For any picture in the lines below, please leave it out and copy the rest exactly.

Recorded data —
::::

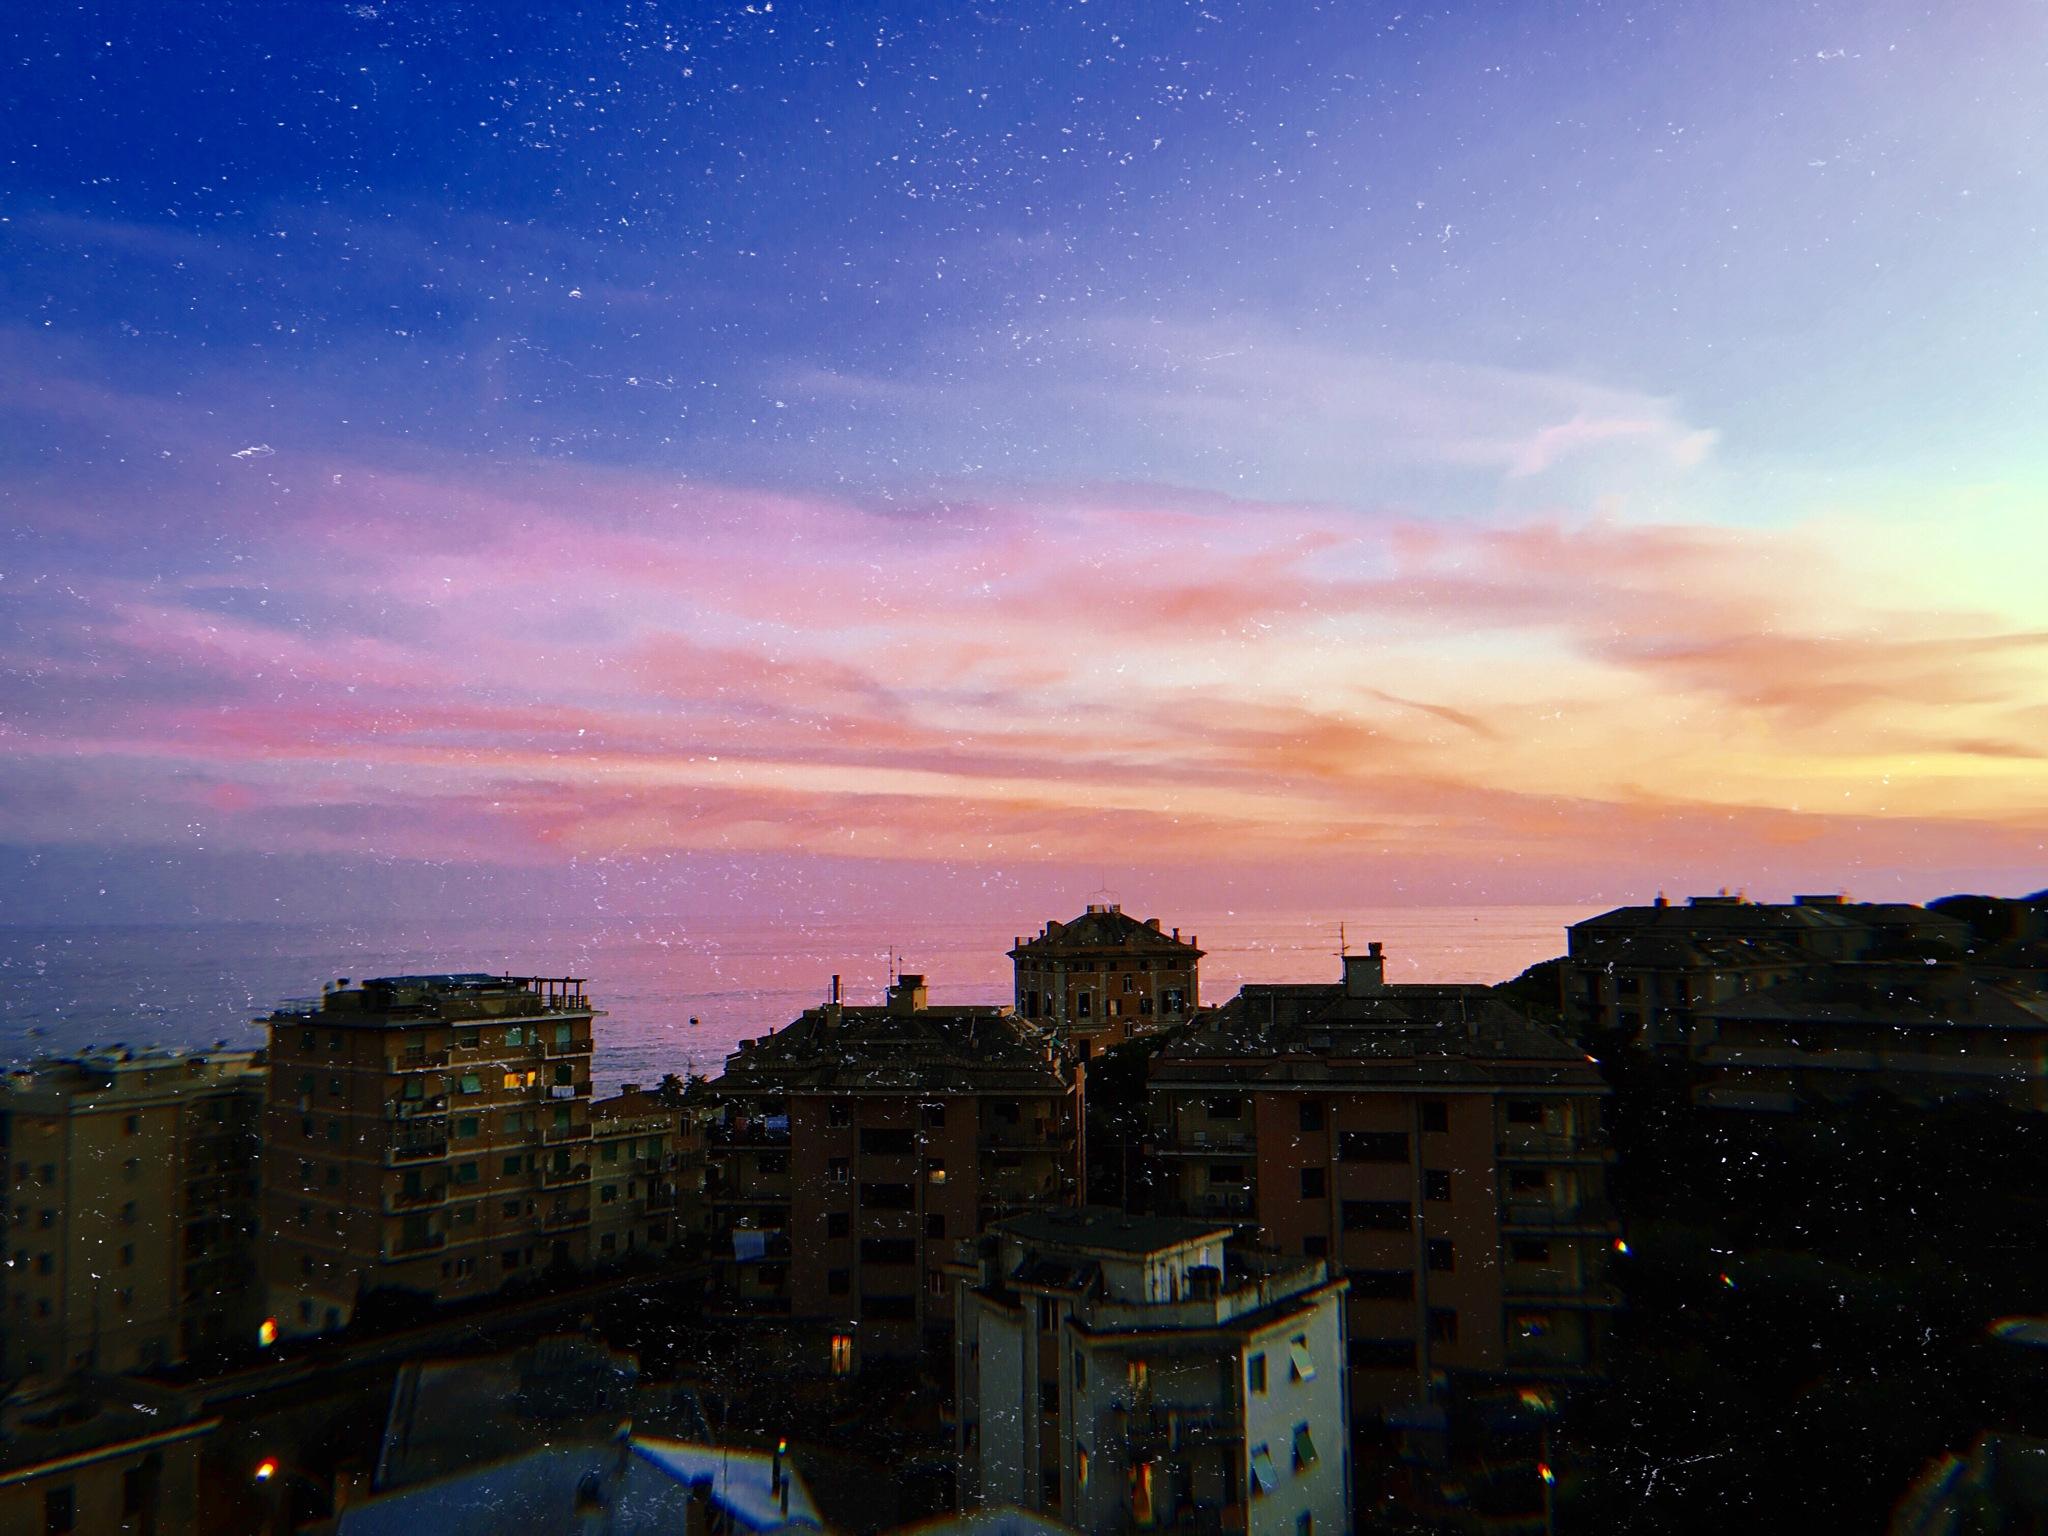 Sunset lover. by Annarosa Marraudino
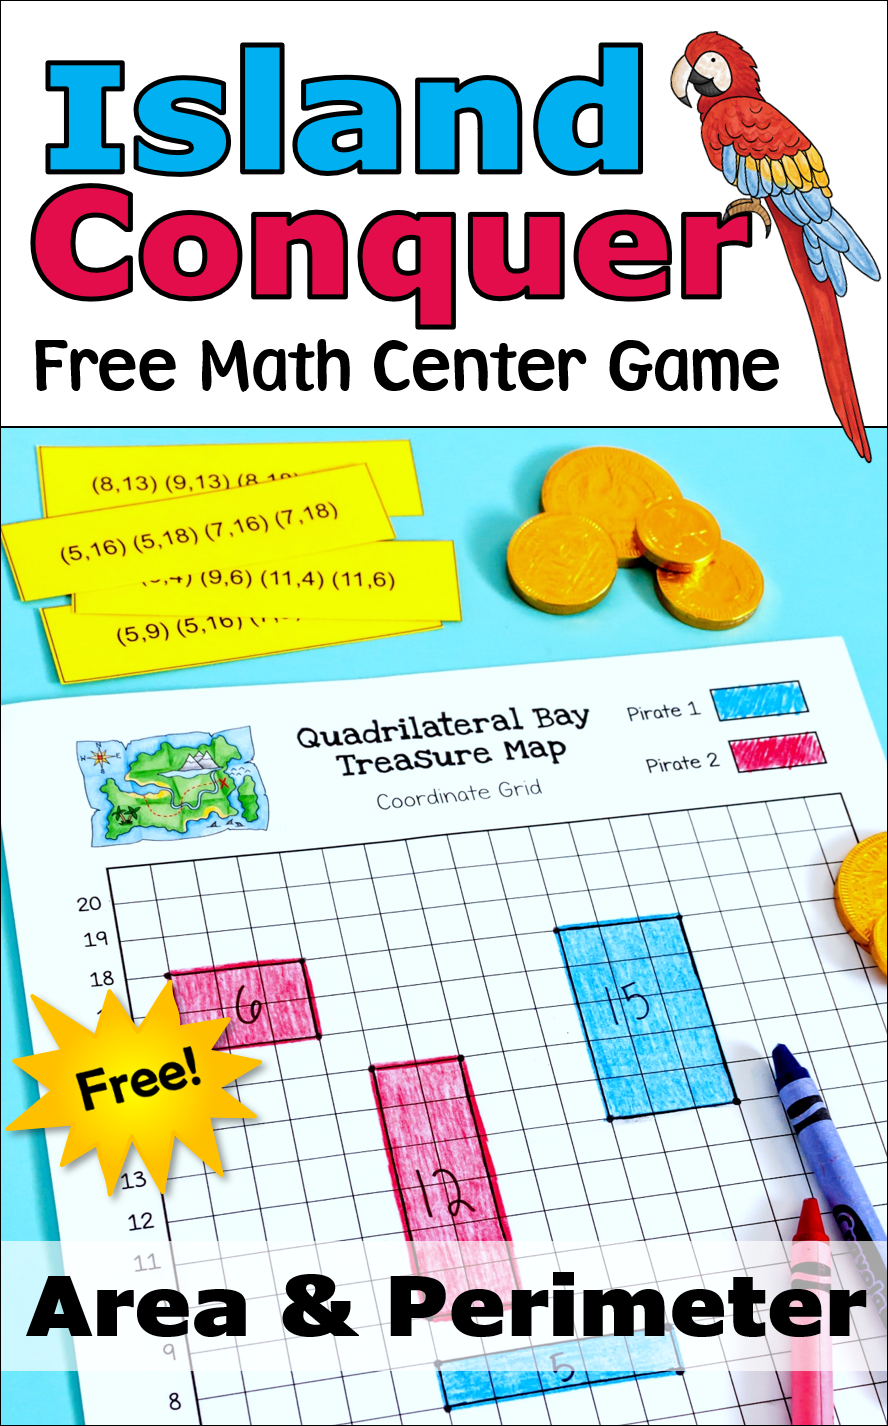 Island Conquer Free Pirate Themed Math Center Game Math Center Games Area Math Games Fun Math Activities [ 1426 x 888 Pixel ]
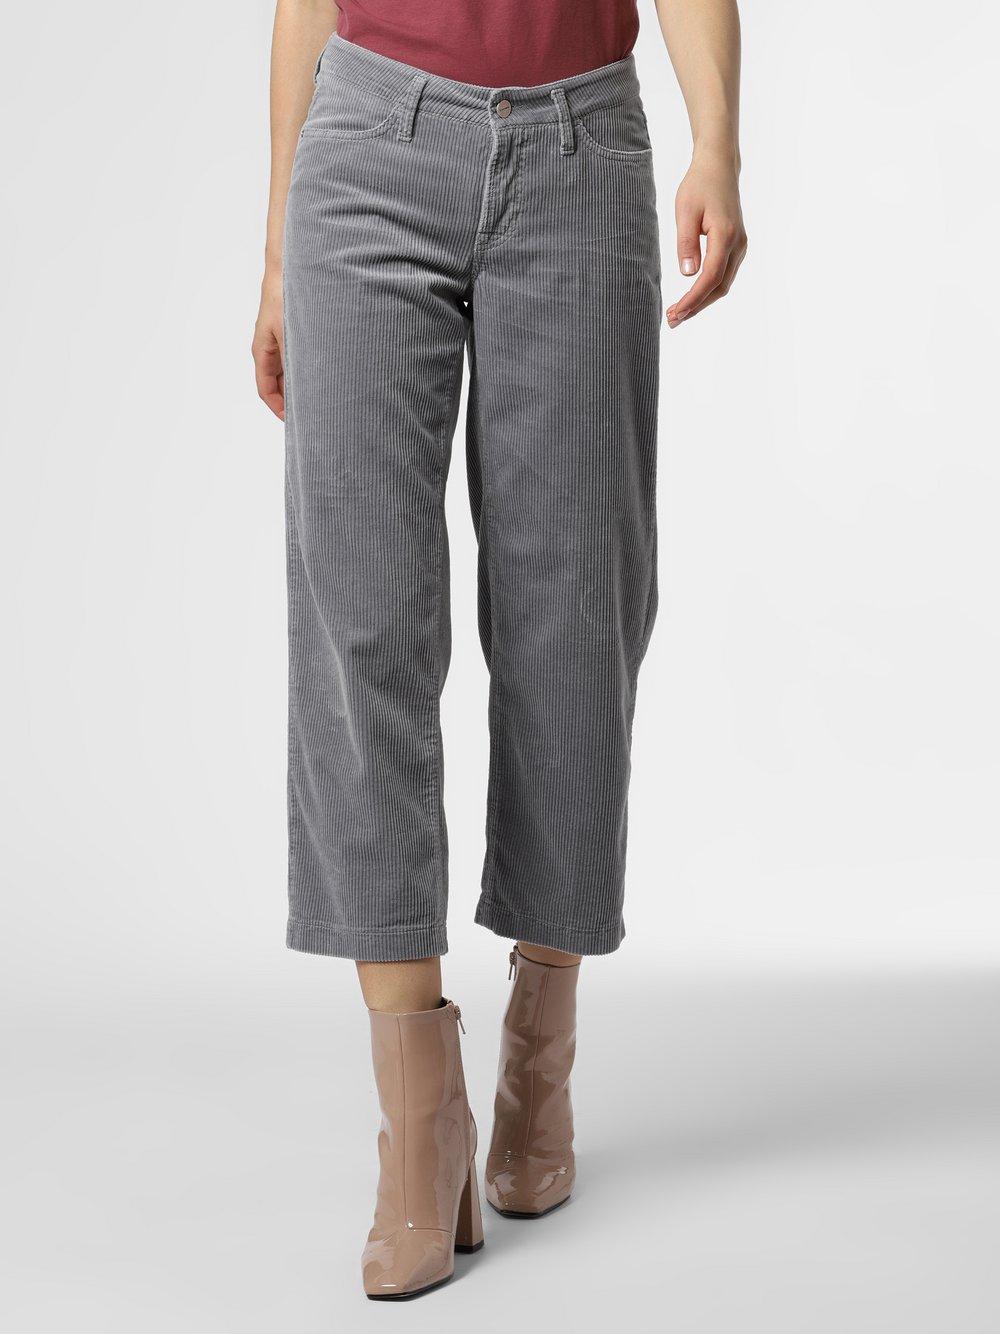 Cambio - Spodnie damskie – Phillipa, szary

::::

Task result —
 Sunset lover. by Annarosa Marraudino
 Island Conquer Free Pirate Themed Math Center Game Math Center Games Area Math Games Fun Math Activities [ 1426 x 888 Pixel ]
 Cambio - Spodnie damskie – Phillipa, szary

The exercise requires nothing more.